- Opening Delimiter -

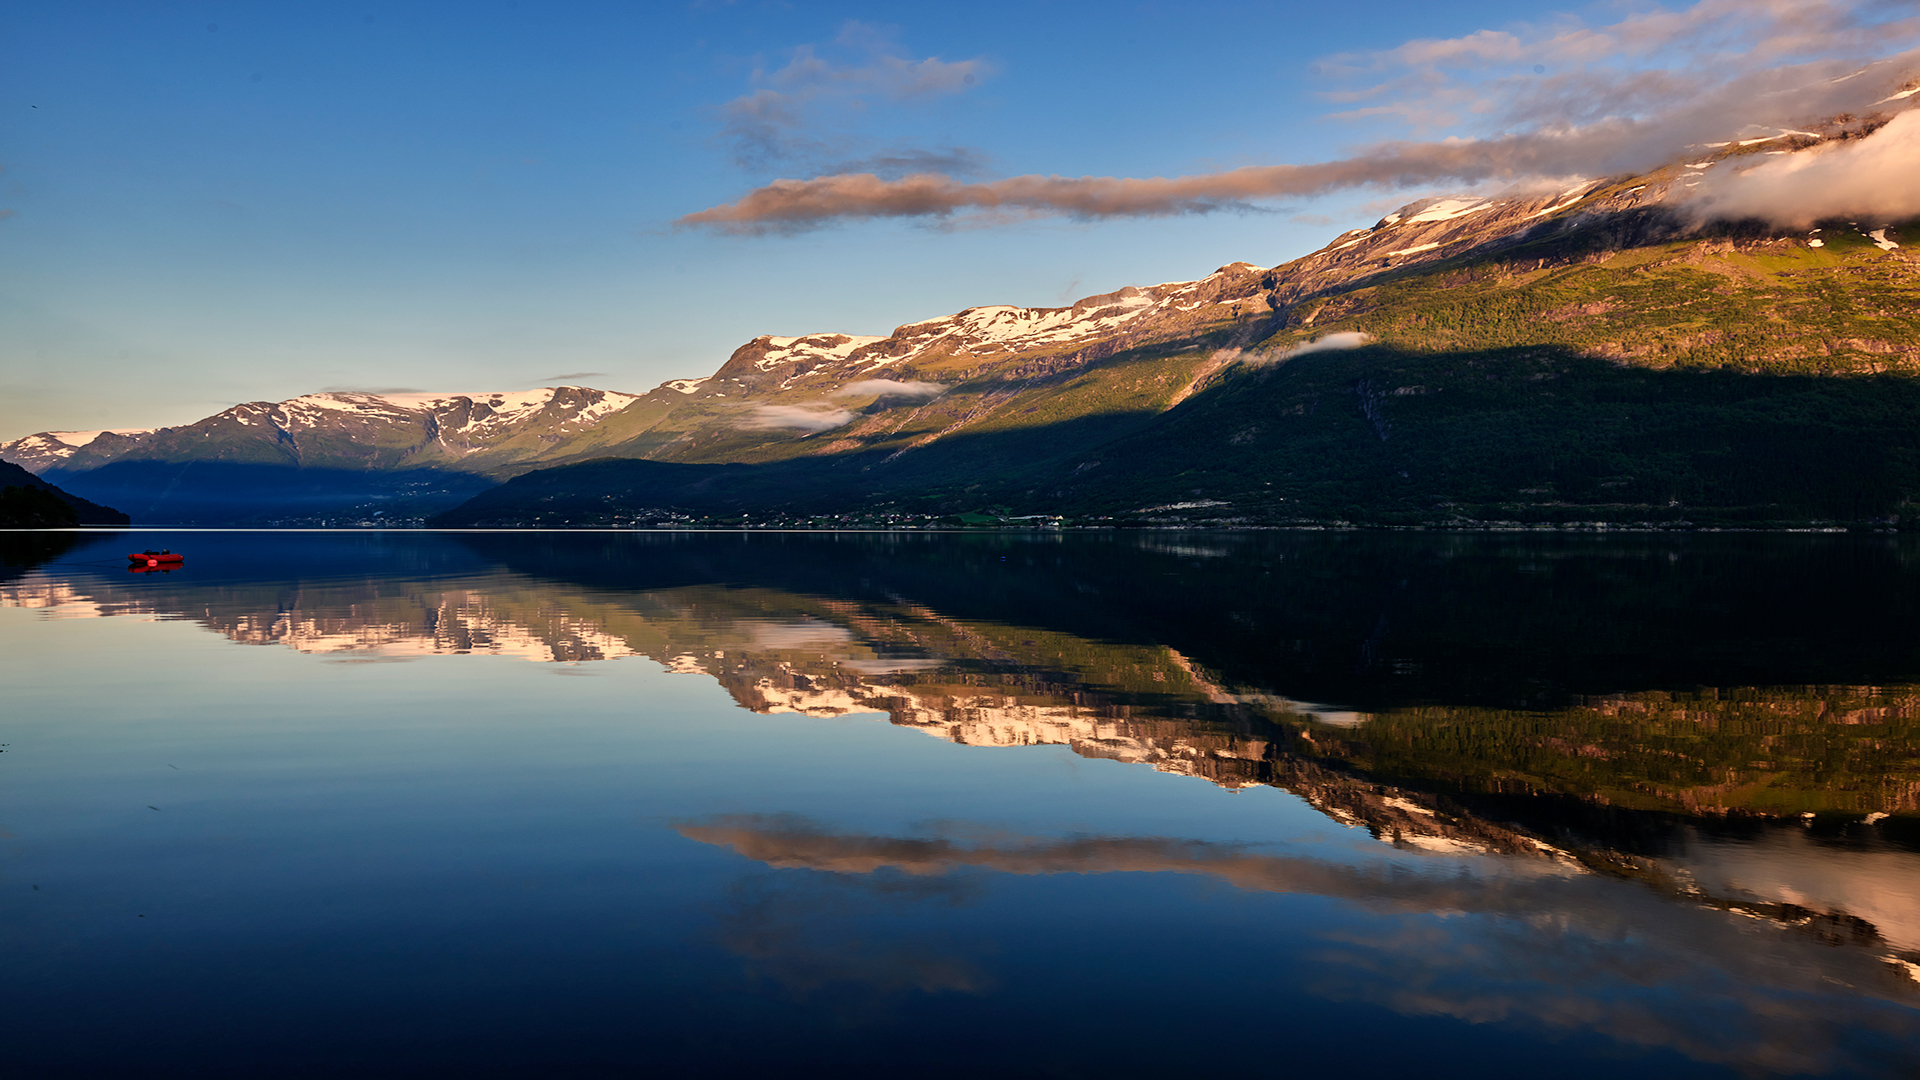 挪威自然山水风景唯美高清桌面壁纸 Tt98图片网
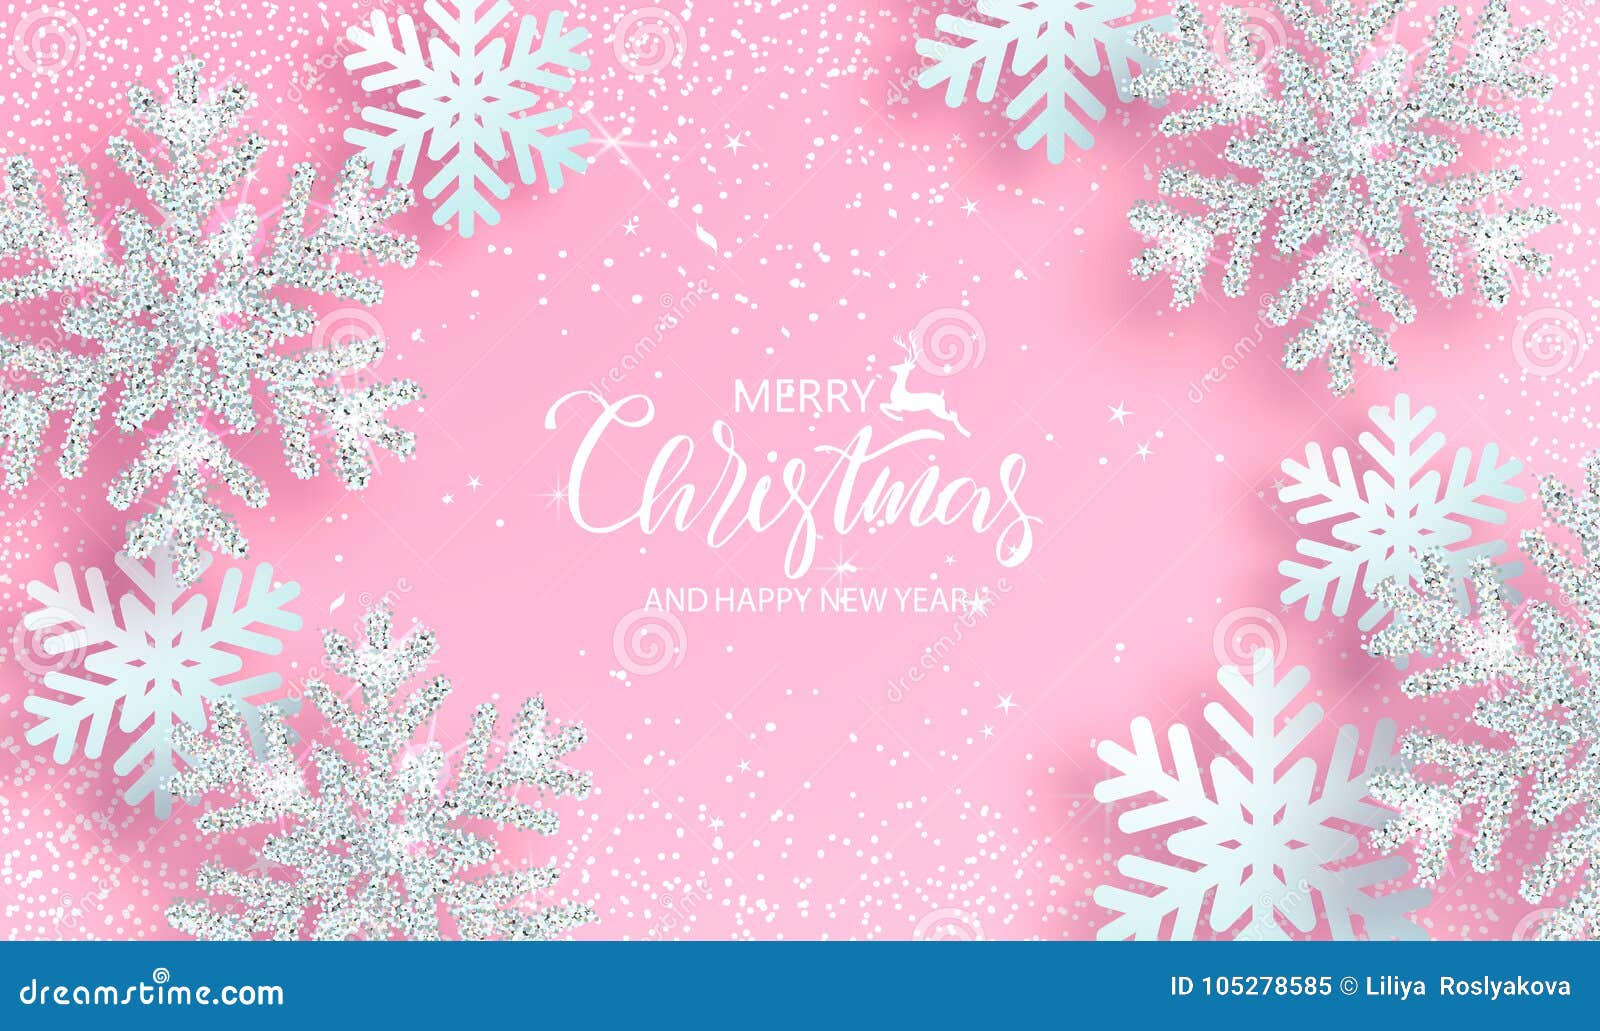 Nền Giáng Sinh hồng với tuyết tản bạc làm nền tảng cho một mùa lễ ấm áp và đầy hạnh phúc. Hình ảnh sự kết hợp giữa màu hồng và tuyết giúp tạo nên không gian thật đặc biệt và lung linh, giúp bạn tràn đầy niềm vui và cảm xúc.
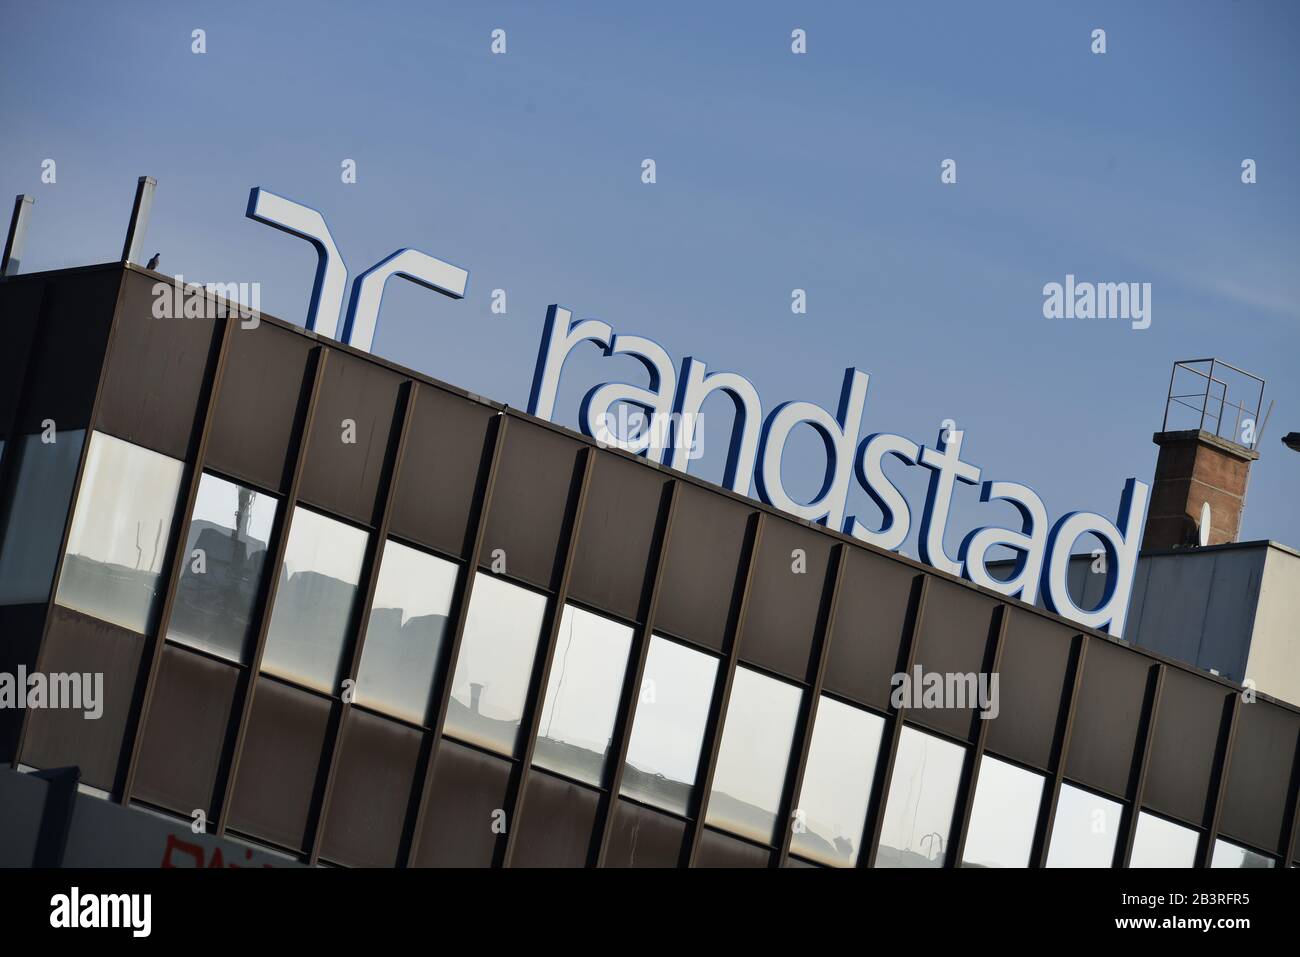 Randstad, Werbung, Schlossstrasse, Steglitz, Berlin, Deutschland Banque D'Images

- Closing Delimiter -

Work instruction = Copy the material exactly. Do not include the pictures.

Output below =
 挪威自然山水风景唯美高清桌面壁纸 Tt98图片网
 Nền Giáng Sinh hồng với tuyết tản bạc làm nền tảng cho một mùa lễ ấm áp và đầy hạnh phúc. Hình ảnh sự kết hợp giữa màu hồng và tuyết giúp tạo nên không gian thật đặc biệt và lung linh, giúp bạn tràn đầy niềm vui và cảm xúc.
 Randstad, Werbung, Schlossstrasse, Steglitz, Berlin, Deutschland Banque D'Images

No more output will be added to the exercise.